After determining that a processor is ready to run, it will return events in timestamp order from each of the input partitions to ensure deterministic processing when there are multiple input topics (which is the case for joins).

Points to consider if you were to build your own stream processor:

  • Make sure that you can process event streams deterministically, even in the case of out-of-order and late-arriving events, and both when replaying historical data and when processing live data.
  • Make sure that your scheduler does not starve any processors, but don’t optimize too much for fairness — it makes sense to skip processors that are not ready to process and revisit them later.

How can I access data that’s on other machines?

Consequences of getting it wrong: in the worst case, data is missing or incorrectly processed — otherwise, there’s cost and performance overheads.

In a distributed system, data is partitioned across multiple instances.
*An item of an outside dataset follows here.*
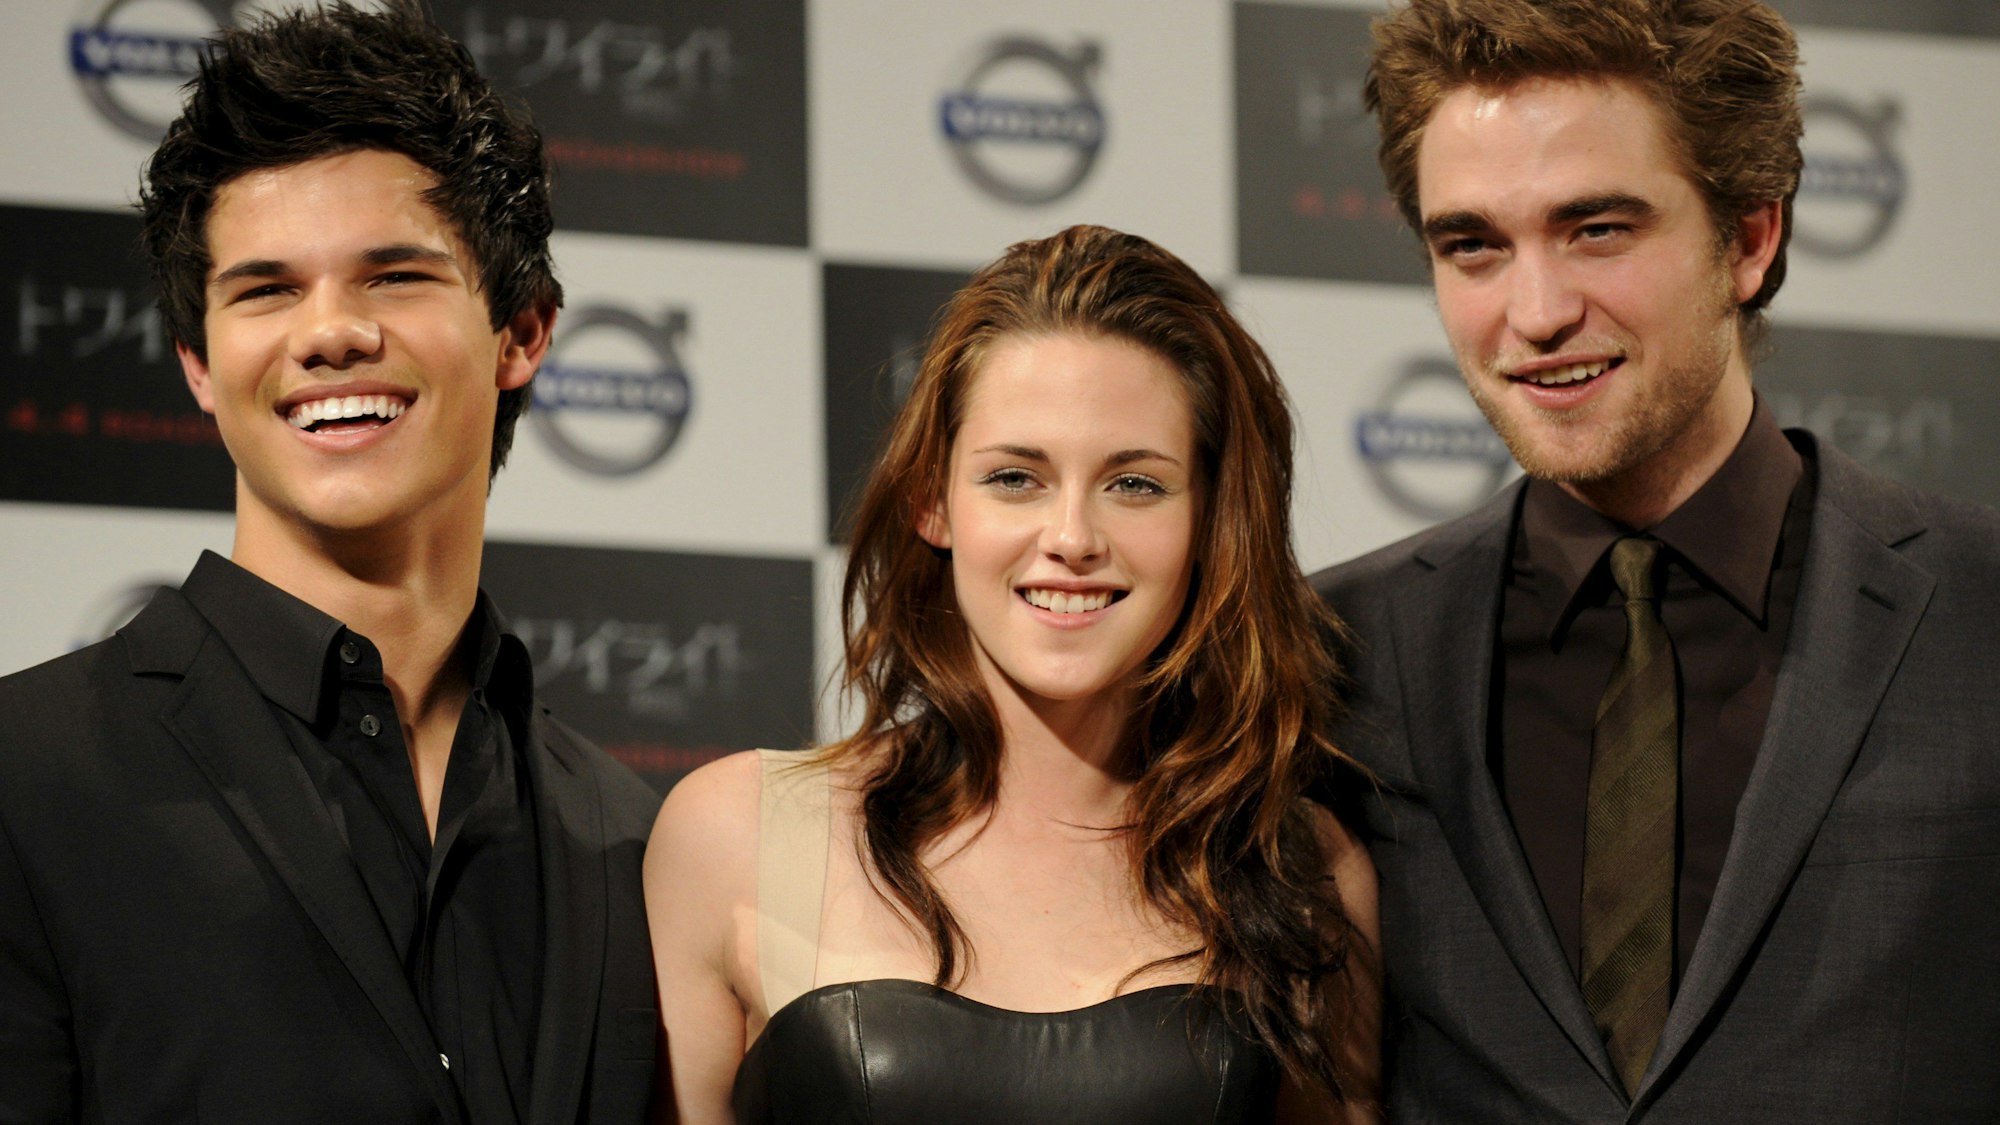 Das Bild zeigt den britischen Schauspieler Robert Pattinson (r) und seine US-amerikanischen Kollegen Kristen Stewart (M) und Taylor Lautner (l).

Some processing operations (such as joins and aggregations) require access to multiple datum that may not be available on the local machine that’s executing the processing step.

Shuffle

A stream processor has two options for working around this: (1) issue an RPC every time data is needed from another node or (2) shuffle the data so that requisite data is co-partitioned (present on the local instance). Kafka streams takes the second approach, which generally performs much better at high throughput, but implementing it correctly is challenging.
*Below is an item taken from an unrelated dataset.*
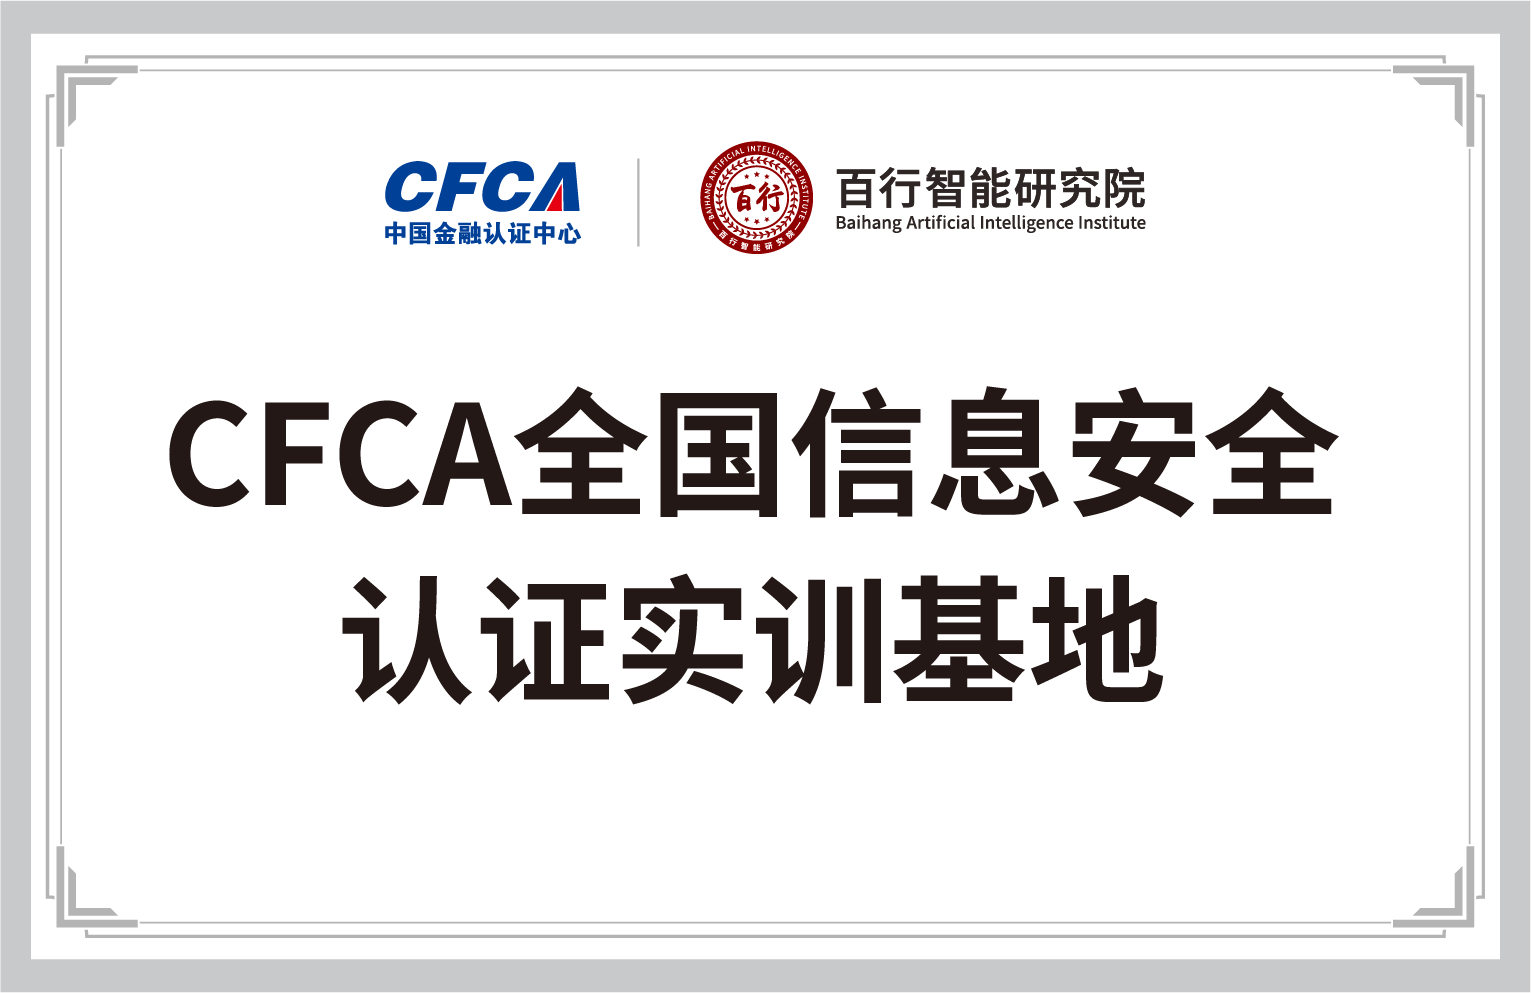 中国金融认证中心-百行智能研究院-CFCA全国信息安全认证实训基地

Kafka Streams, yet again, relies on Kafka to handle this problem for it by creating and managing internal “repartition” topics that change the key of underlying data to ensure that the aggregation or join key is also the partition key. This handles backpressure, routing and transactionality at the cost of managing an additional topic.

When should I commit the result of processing?

Consequences of getting this wrong: reprocessing data incorrectly or overwhelming downstream processors.

Committing data touches on more than just correctness (F3) — how and when you commit matters! There are considerations for transactional processing (see the previously mentioned post on this subject) and considerations around caching and incremental updates. When processing with exactly-once semantics, downstream processors won’t see updates until the commit interval elapses. When processing with at-least-once semantics, the commit interval interplays with the cache settings to determine how frequently incremental updates are sent to downstream processors.

There are also some non-standard reasons why you main want to trigger a commit. For one, there may have been no input records processed direcly but a punctuation may have produced a record out-of-band to the standard processing loop. In another, it is possible that records were processed from the input topic but resulted in no records being produced — this situation still requires a commit to move the input offsets forward.

Step 2: Make it Highly Available

Availability

Since Kafka Streams integrates only with Kafka as the message broker, it can leverage a significant portion of the work that was invested into the consumer group protocol, which ensures that all partitions are assigned and handles offset management so that a new instance can pick up where an old one left off.

The main mechanism for high availability (N2) in Kafka Streams is rebalancing, the ability to move partitions from one instance to another. This mechanism is fraught with tension between two conflicting goals:

Goal 1: Minimize partition processing downtime by detecting failures promptly and triggering rebalances.

Goal 2: Minimize disruption by avoiding unnecessary partition movement.

These goals influence the design for a stream processing system, and Kafka Streams has had nearly a decade to figure this out (see our full history on the evolution of rebalancing). If you were to design your own, you would need to answer the following questions:

When should I trigger a rebalance?

Consequences of getting it wrong: you’ll either have frequent rebalancing, which may cause reliability issues, or you won’t detect failed instances sufficiently soon to maintain SLA.

Kafka Streams simply leverages the Kafka Consumer Group protocol for identifying whether the system is healthy. If the protocol determines that the node is either down or not functioning as intended, it will indicate that partitions should be redistributed across the available instances (this is called a rebalance).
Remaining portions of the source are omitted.